Thursday, December 30, 2010

Dec 30

Father
we are coming to a close to this current year.  I hope that we can close these feelings of loss and anger and frustration also.   It's kind of overwhelming to have to deal with.  I simply struggle with letting it all go.

While on the topic of struggling.  Please look after mama.  She isn't doing well health wise and she seems so sad and depressed lately. I know that it may get worse because the boys have left home.  You know what she is going through with her in-laws that live with her.  Just be there for her and give her a friend she can lean on and trust that will help her through these rough times.

As for her in-laws. Thank you for helping get rid of the anger I have held onto for so long.  I just ask that you bless them and teach them kindness and help them be good to my mama.

Help me to find the place that you have for me.  To be a good wife and mother and to concider them above myself .  In the coming year help me to leave old self ghosts behind so that I may be fruitful and grow.

Monday, December 20, 2010

December 20

Dear Father
Thanks you for this day.  It is a new day with new things to happen.  I am in your awesome hands and I Know you will take care of me.

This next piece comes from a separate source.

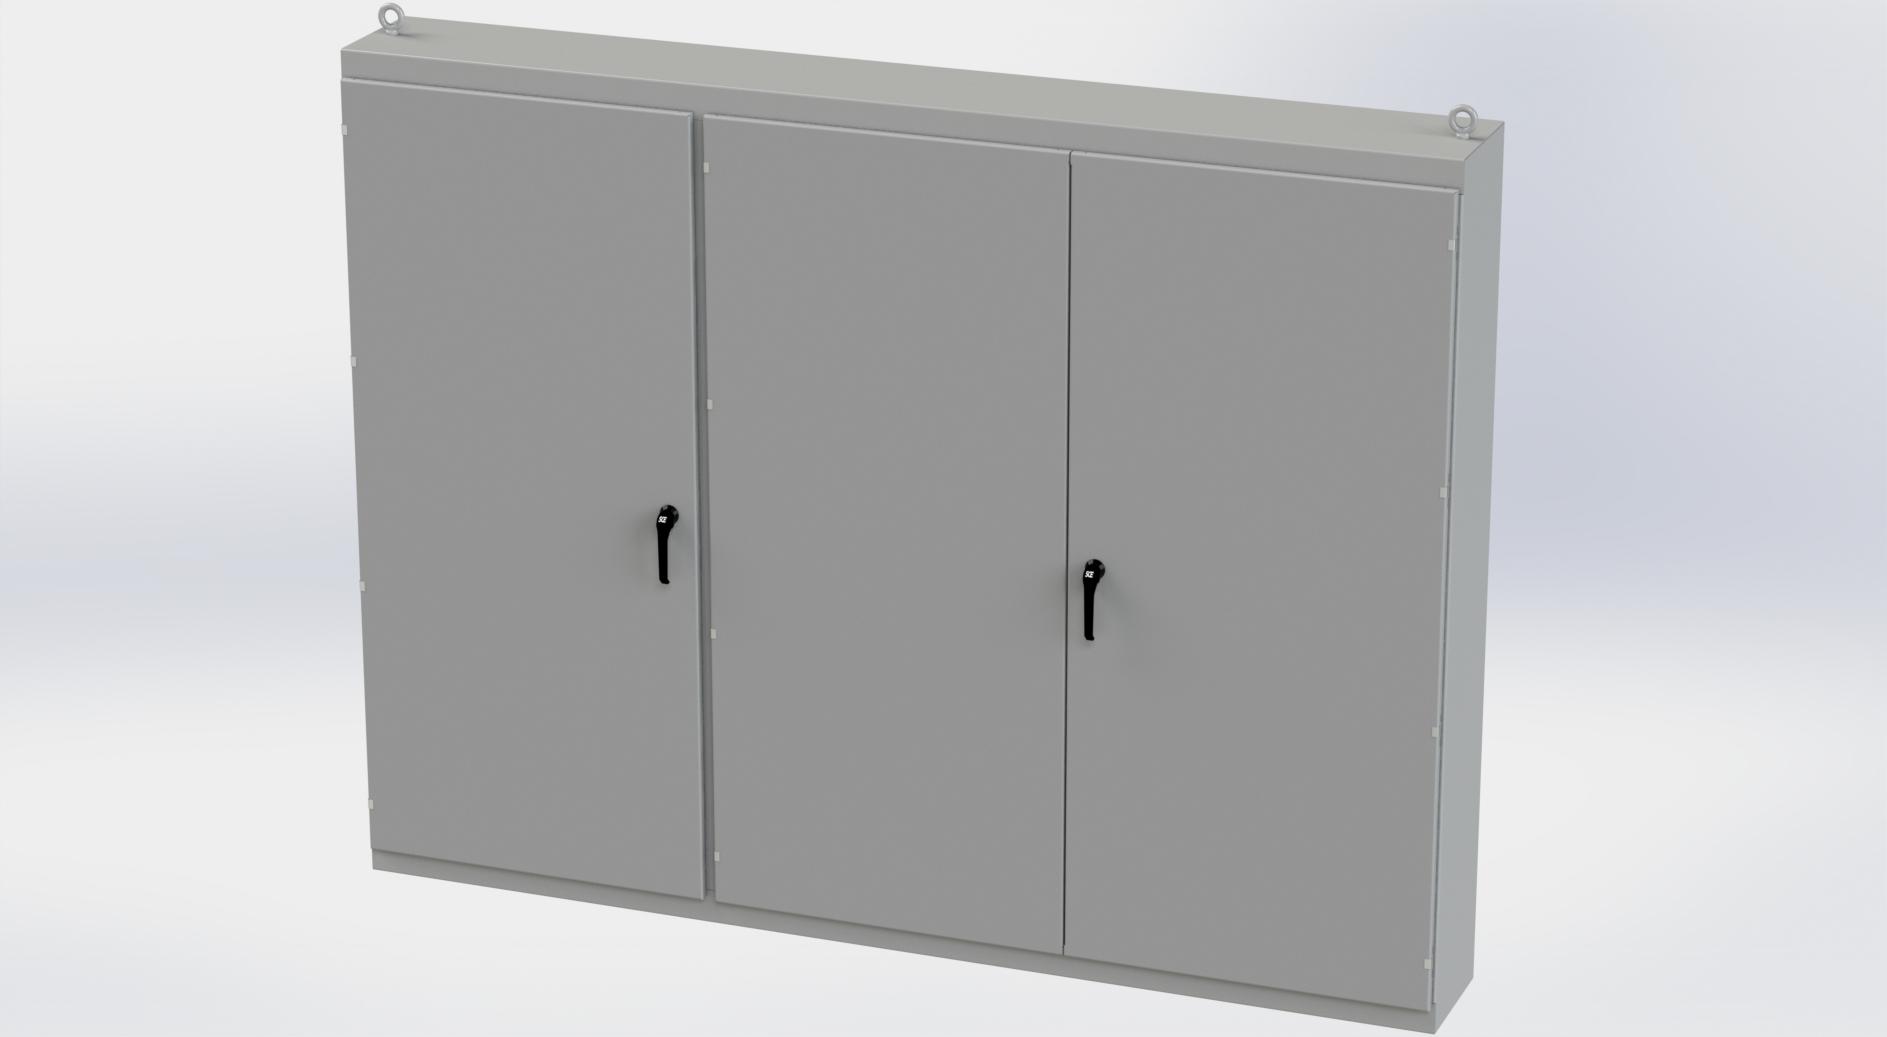 Saginaw Control SCE-86M3E Enclosure, Multi-Door, Height:86.00", Width:112.00", Depth:14.00", ANSI-61 gray powder coating inside and out. Sub-panels are powder coated white.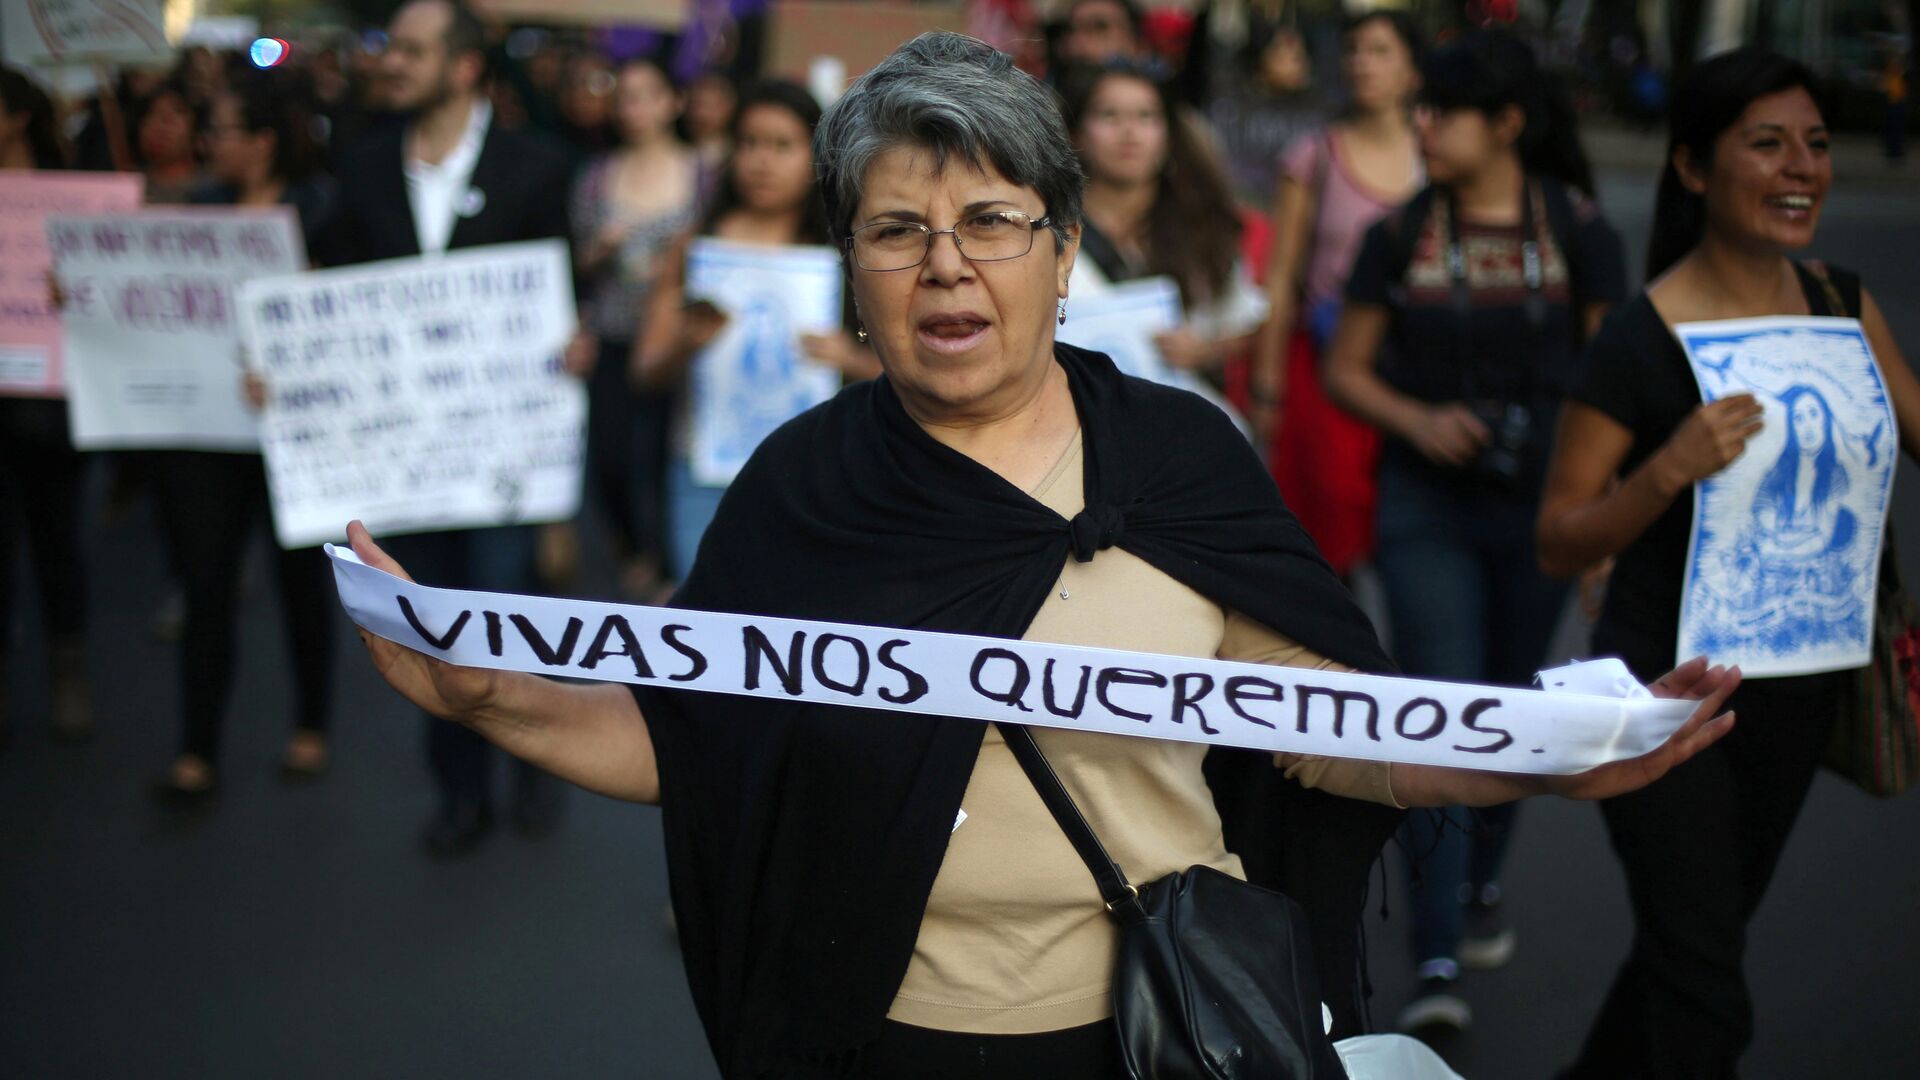 A woman takes part in a march to protest violence against women and the murder of a 16-year-old girl in a coastal town of Argentina last week, at Reforma avenue, in Mexico City, Mexico, October 19, 2016 - Sputnik Mundo, 1920, 27.08.2021

My heart is on matters that are in your control.  Please look after those that need homes and jobs and food. This time of year is hard to be with out those things.  Thank you for providing for us.

Help me to consentrate on the positives in life instead of the negative. The negative have been grabbing at me and I fear I may be letting them sink their claws in. 
Help me to consentrate on Things that are pure and true and right and trust worthy like you comand us to to in Phillipians 4:8.

Friday, December 17, 2010

December 17

Father
In your infinite wisdom you allowed things to happen the way they did yesterday. I feel disappointed yet relieved.  Relieved because I know I listened to the advice of someone more wise than I am.  Disappointed because things didn't happen as I wanted them to.   I know that you have plans for me and you will not harm me but give me a future and a hope.
I am trusting you  that you will take care of me and lead me to the path that is right. I am simply struggling with understanding and being human. 

Wednesday, December 15, 2010

dec. 15th

Father.
You are great and you know the things we need before we can have the words or thoughts to ask you for them, yet here I sit and I ask you to be with me tomorrow. Please guide me in the right job and the right decisions that will affect the rest of my family.  Be with me as you always are and give me peace that this will be how you decide and take my worry away. 
I am so excited for the future and the possibility to do your work. I feel frightened by that but I know that you were with Gideon as he was afraid.  You helped him to conquer his fear and to trust in you completely. Please do that for me.

Monday, December 13, 2010

part two for Dec. 13th

Lord, you are deffinately my savior. You heard my prayers and you answered swiftly and you gave me the ability to express what was needed in a manner that I don't have to feel badly about. You held my hand and I am so grateful.
I only hope that I can learn from the experience and continue to grow.  I ask that you help me to put the needs and wishes of the people that matter before those of myself.

december 13

i can't seem to win for losing.  i know its all in your hands.  but im struggling.  i didn't mean to disregard his wishes and I am not trying to cause him any grief.  I don't know what to do to to make amends with this. Lord please give me the knowledge and the ability to do the right thing.

Monday, December 6, 2010

Dec 6 2010

Dear Father
Thank you for hearing my prayers and getting me through Saturday after the boss went nuts friday. You allowed me to remain calm and professional and do a great job.  You are awesome and everything is to your glory. The bitter cold outside didn't feel so bitter knowing I allowed you to do what you do.
I continue to ask for patience and remembrance that everything happens in your time and not my own.  You know how deeply I want to join and I know you are faithful.  There are tests that must be finished before I can move onto the new material.   I just thank you for this day and the sun and the laughter that comes from you.